What to work on:
Go through the entries below, count every line with the string "Feed", and answer with only that number.

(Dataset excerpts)
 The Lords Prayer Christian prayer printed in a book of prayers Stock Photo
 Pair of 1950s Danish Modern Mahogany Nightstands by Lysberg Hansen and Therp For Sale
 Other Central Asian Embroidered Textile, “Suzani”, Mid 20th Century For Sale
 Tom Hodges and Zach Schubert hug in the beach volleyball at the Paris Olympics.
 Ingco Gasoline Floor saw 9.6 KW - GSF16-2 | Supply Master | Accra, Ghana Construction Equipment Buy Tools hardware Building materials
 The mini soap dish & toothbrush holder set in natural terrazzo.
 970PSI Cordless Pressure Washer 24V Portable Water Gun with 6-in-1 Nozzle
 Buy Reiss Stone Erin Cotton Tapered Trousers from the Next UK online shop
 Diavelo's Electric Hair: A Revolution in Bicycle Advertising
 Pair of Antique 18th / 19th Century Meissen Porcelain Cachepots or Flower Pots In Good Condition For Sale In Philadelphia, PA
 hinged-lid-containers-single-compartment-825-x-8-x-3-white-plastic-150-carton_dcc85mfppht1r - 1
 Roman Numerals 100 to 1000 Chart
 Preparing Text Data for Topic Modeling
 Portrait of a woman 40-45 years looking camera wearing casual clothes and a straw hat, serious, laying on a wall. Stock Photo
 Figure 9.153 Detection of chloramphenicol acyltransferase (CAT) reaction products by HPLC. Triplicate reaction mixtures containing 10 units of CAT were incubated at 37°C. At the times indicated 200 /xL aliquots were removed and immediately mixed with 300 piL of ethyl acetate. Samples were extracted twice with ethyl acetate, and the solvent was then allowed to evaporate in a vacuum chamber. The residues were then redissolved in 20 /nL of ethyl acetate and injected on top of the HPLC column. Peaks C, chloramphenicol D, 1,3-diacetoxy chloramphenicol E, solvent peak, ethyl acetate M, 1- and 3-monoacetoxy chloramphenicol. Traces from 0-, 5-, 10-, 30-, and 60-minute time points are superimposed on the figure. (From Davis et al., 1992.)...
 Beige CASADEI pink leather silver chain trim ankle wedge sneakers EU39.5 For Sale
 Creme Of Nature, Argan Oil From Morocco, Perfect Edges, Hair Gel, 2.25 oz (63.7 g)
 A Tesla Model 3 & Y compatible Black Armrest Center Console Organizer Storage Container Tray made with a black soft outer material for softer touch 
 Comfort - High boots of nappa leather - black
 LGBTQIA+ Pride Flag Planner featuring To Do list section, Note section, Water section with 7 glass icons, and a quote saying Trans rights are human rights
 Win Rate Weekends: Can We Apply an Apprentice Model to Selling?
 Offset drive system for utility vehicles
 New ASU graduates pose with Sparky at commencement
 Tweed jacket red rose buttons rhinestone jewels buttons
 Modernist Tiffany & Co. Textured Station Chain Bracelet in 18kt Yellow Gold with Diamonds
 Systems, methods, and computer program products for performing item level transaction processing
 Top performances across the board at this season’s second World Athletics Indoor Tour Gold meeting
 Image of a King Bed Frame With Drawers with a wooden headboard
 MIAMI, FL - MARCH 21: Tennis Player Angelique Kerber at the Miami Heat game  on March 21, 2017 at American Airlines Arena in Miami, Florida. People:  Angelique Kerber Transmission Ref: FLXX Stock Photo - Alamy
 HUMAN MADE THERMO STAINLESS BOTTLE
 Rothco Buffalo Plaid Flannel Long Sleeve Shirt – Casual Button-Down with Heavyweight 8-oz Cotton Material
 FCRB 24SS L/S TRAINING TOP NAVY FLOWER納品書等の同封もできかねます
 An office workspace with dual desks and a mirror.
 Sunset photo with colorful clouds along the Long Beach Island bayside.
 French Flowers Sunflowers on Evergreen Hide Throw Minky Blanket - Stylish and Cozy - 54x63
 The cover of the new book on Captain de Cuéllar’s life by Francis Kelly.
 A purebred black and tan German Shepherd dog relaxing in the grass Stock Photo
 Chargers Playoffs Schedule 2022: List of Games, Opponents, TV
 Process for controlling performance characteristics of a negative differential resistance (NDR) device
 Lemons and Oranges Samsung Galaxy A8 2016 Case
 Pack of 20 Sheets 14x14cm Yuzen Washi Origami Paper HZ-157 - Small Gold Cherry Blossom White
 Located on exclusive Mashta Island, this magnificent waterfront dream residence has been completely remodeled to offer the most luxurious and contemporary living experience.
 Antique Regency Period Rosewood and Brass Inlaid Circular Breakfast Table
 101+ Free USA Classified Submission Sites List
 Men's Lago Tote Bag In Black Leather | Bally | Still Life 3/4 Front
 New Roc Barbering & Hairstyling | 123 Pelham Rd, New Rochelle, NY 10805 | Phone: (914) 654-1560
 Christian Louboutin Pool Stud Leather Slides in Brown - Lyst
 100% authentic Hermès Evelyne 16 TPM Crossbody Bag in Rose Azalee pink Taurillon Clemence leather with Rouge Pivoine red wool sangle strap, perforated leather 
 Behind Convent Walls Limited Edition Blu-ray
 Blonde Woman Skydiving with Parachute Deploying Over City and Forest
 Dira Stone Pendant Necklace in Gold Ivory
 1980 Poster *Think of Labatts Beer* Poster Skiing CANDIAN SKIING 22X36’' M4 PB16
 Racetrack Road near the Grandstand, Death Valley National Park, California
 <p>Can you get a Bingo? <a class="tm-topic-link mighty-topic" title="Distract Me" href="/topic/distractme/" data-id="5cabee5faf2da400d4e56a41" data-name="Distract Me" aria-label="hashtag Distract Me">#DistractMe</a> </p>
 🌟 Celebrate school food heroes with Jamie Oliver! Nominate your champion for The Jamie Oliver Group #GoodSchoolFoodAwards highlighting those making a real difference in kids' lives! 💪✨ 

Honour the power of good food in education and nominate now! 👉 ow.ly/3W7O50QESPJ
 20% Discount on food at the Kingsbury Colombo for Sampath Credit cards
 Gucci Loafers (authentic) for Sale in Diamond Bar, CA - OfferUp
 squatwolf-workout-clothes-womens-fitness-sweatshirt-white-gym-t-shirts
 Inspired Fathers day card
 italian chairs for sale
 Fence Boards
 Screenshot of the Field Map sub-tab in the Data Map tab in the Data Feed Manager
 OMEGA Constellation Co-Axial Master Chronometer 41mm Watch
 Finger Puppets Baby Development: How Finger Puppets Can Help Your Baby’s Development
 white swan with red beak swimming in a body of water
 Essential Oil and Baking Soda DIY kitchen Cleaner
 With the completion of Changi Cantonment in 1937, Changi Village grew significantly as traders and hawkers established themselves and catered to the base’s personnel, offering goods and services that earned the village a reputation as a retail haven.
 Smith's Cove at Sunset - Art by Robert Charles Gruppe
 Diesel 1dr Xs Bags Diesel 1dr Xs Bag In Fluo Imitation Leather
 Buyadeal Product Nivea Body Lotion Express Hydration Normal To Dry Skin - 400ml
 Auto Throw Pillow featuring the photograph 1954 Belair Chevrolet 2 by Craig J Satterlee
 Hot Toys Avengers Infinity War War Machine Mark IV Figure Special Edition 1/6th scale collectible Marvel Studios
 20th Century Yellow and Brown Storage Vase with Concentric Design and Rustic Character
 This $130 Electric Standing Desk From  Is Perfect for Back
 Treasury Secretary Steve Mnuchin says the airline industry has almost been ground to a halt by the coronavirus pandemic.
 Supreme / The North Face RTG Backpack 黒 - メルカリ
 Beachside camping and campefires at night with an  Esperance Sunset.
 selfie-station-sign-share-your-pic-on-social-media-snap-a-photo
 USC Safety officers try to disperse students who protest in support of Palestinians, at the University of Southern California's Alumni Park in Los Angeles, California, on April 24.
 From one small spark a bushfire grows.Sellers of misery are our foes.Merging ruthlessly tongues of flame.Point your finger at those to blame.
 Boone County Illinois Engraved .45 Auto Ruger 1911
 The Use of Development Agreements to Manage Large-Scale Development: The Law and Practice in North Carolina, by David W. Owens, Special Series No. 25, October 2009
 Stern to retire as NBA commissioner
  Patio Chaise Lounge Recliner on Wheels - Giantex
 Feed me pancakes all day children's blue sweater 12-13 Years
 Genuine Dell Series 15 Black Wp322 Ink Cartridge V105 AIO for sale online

Result of the exercise:
2